Reputation: 7
I need to create multiple boxplots on the same graph. The sports are 3. I need to obtain 3 boxplots on the same graph of each sport, with a specific variable on the y-axis. I need to be able to change the variable. The variable for each student is registered various times and is given by the mean of the 3 largest numbers. I have 30 students identified with an ID (that goes from 1 to 30). Each student does only one sport. This is what I wrote but clearly it doesn't work. Can someone help?

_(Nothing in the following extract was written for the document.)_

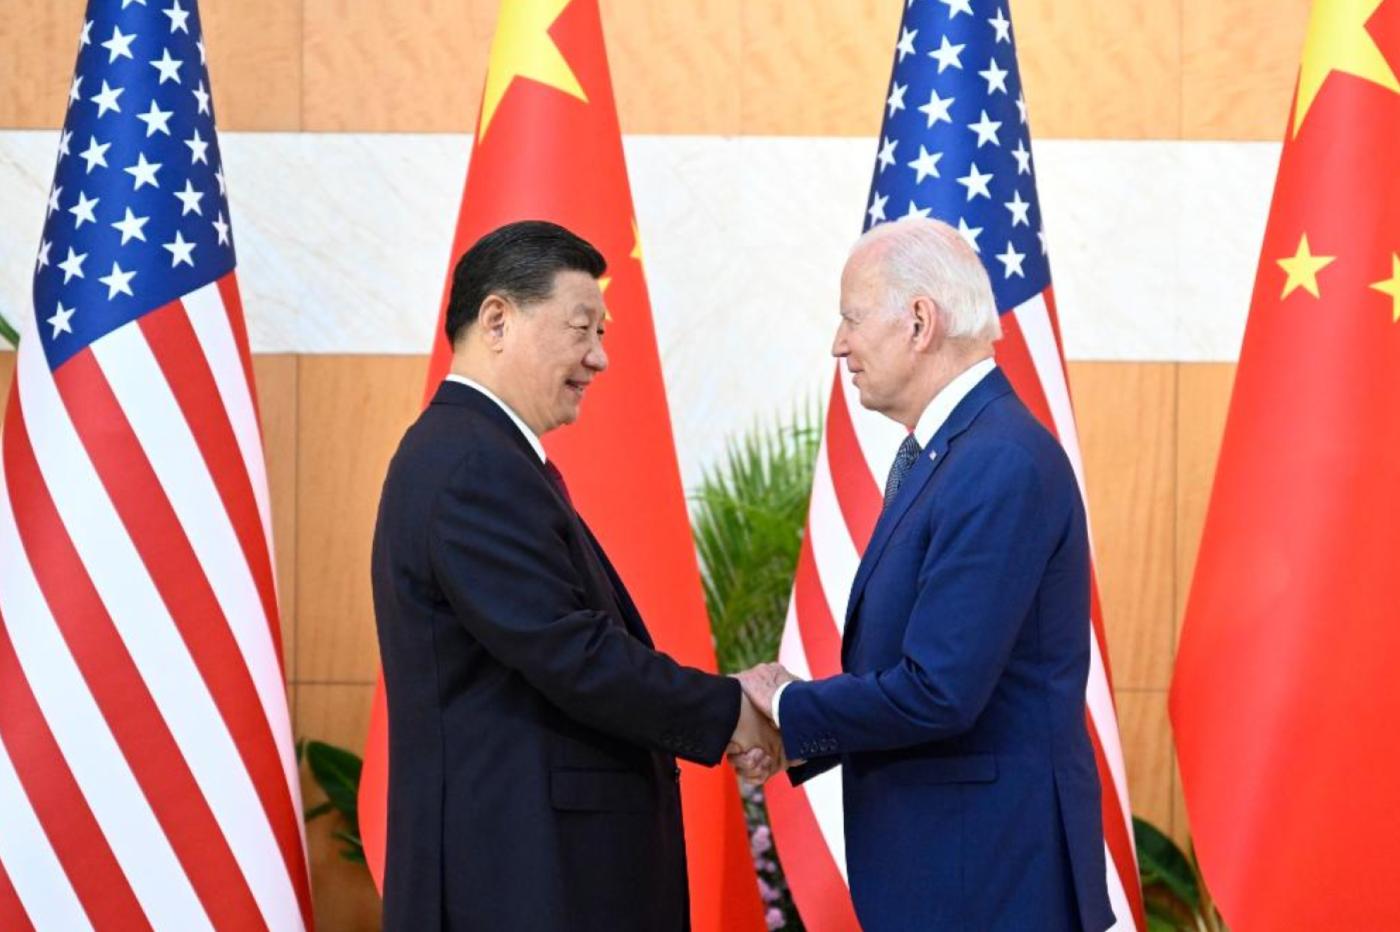 Meeting between Xi Jinping and Joe Biden

I hope my explanation made sense.
def boxplot(sport, variable):
list=[]
for l in range(1,31):
g = df[(df.ID == l) & (df.sport == sport)][variable].nlargest(n=3).mean()
list.append(g)
my_dict = {f'Boxplot for {variable} in {sport}': list}
fig, ax = plt.subplots()
ax.boxplot(my_dict.values())
ax.set_xticklabels(my_dict.keys())
plt.show()
Upvotes: 0
Views: 480
Reputation: 20302
Here's one way to do it.
import plotly.express as px
df = px.data.tips()
fig = px.box(df, x="day", y="total_bill", color="smoker")
fig.update_traces(quartilemethod="exclusive") # or "inclusive", or "linear" by default
fig.show()
If you data is not melted or stacked, you can change the layout like this.
https://pandas.pydata.org/docs/reference/api/pandas.melt.html
Finally, for Matplotlib, you can do it like this.
import matplotlib.pyplot as plt
import numpy as np
import pandas as pd
# Results of the long jump finals at two Olympic Games
data = pd.DataFrame({
'London 2012 (Men)': [8.31, 8.16, 8.12, 8.11, 8.10, 8.07, 8.01, 7.93],
'Rio 2016 (Men)': [8.38, 8.37, 8.29, 8.25, 8.17, 8.10, 8.06, 8.05],
'London 2012 (Women)': [7.12, 7.07, 6.89, 6.88, 6.77, 6.76, 6.72, 6.67],
'Rio 2016 (Women)': [7.17, 7.15, 7.08, 6.95, 6.81, 6.79, 6.74, 6.69]
})
# Plot
bp = plt.boxplot(
# A data frame needs to be converted to an array before it can be plotted this way
np.array(data),
# You can use the column headings from the data frame as labels
labels=list(data)
)
# Axis details
plt.title('Long Jump Finals')
plt.ylabel('Distance [m]')
plt.xlabel('Olympics')
plt.minorticks_on()
plt.tick_params(axis='x', which='minor', bottom=False)
plt.tick_params(axis='x', which='major', labelsize='small')
plt.show()
Here is one final update. Make sure the y-axis is numeric...
import pandas as pd
import plotly.express as px
import matplotlib.pyplot as plot
df = px.data.tips()
df=pd.DataFrame(df)
print(type(df))
df.head()
df.columns = ['total_bill', 'tip', 'sex', 'smoker', 'day', 'time', 'size']
b_plot = df.boxplot(column = ['tip','size','total_bill'])
b_plot.plot()
plot.show()
Upvotes: 1